A coupon good for free recording at Sequoia Studios:


what's the expiration date on this, Treb?

One issue of Highlights magazine from August 2007:


why?

I have no idea why I have this, but I'm putting it in the bathroom reading drawer to confuse people anyway.

Oh wait... a vague memory... a hint of an idea... I think The Sister swiped the Higlights from a doctor's office or a daycare center to show me how dramatically Goofus and Gallant have changed since we were kids:


1980: I always thought Goofus looked like Eddie Haskell


2007: how's a kid supposed to tell which one is the bad one?

And, finally, these:
























Is it wrong that I'm hungry now? And that I kind of want to make these recipes for fun? At the very least, I think Potato Salad Log deserves a shot. I'm putting these in the recipe cupboard where they belong.

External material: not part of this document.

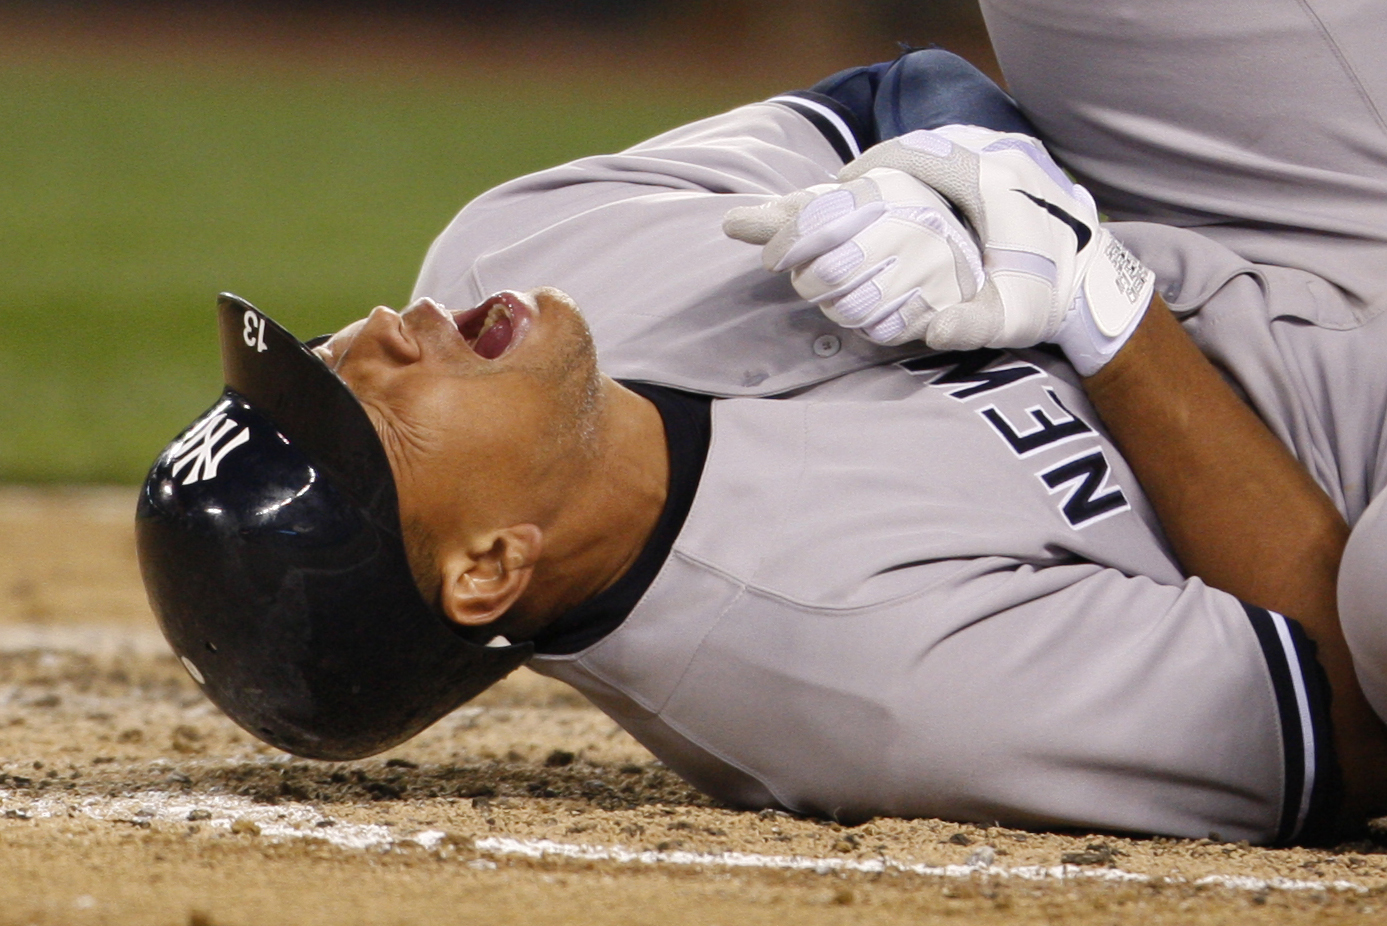 Rodriguez and Yankees Are Left Flailing in Loss to Rays - The New

I can only imagine that these recipe cards were either a gift-with-purchase from Archie McPhee or somehow related to Wendy McClure's blog about her experience with some 1974 Weight Watchers' recipe cards. These recipes aren't from Weight Watchers, though, so I don't think she sent them to me, and the link to her old blog is now broken, but if she ever puts it back up again you should read it, because it is pee-your-pants funny.

Tonight's session was cut short because I thought I blew out the motor in the shredder. As I was typing this entry, though, it revved, all by itself, with no humans guiding it or paper inside of it, like it was ready to go again.

Um.
 

Saturday, September 26, 2009

victoria's secret is that she sucks at filing

 
Things I adore:

  • Sitting down to write and hearing The Sister yell "Hey, do you want to see the world's most pornographic eggplant?"
  • Dedicating an entire Saturday to the Hitchcockathon (Strangers on a Train, Lifeboat, and North by Northwest) with the family.
  • Shredding paper in my paper shredder; seriously, sometimes I kind of want to hug it.

Having a shredder raises some questions, though, like: should I shred my expired Driver's License? I suspect that yes is the correct answer, but I can't bring myself to do it. The new licenses just look so janky and stupid and ugly! Irrational, yes. And the opposite of ruthless. I'm not ready for this.

What I am ready for is the shredding and shredding of useless documents. I'm even shredding some things I saved last week during the great "mom box" excavation, like report cards and CTBS test score reports. What's harder to destroy are things like playbills, notes from friends and family, newspaper clippings, birthday cards. Where do we cross the line from shaking off the baggage of Stuff (capital s) into eradicating all the mementos of a life? Ruthlessness has its price, I suppose.

Or maybe employing ruthlessness in ridding ourselves of unnecessary things leads to a reward instead. Maybe the things we hold have power over us in ways we don't notice. If I chucked everything in these boxes and piles into the garbage, I'd be done in a day. I could live in a van and travel, unfettered, in that manner of books and nomads, beatniks and folk songs. I often wonder: could I survive without the stability and the comforts of home? I can't be the only person who thinks about life on the road and chooses a home instead. Maybe it isn't the loss of security we fear, but the misplacing and erasing of our pasts.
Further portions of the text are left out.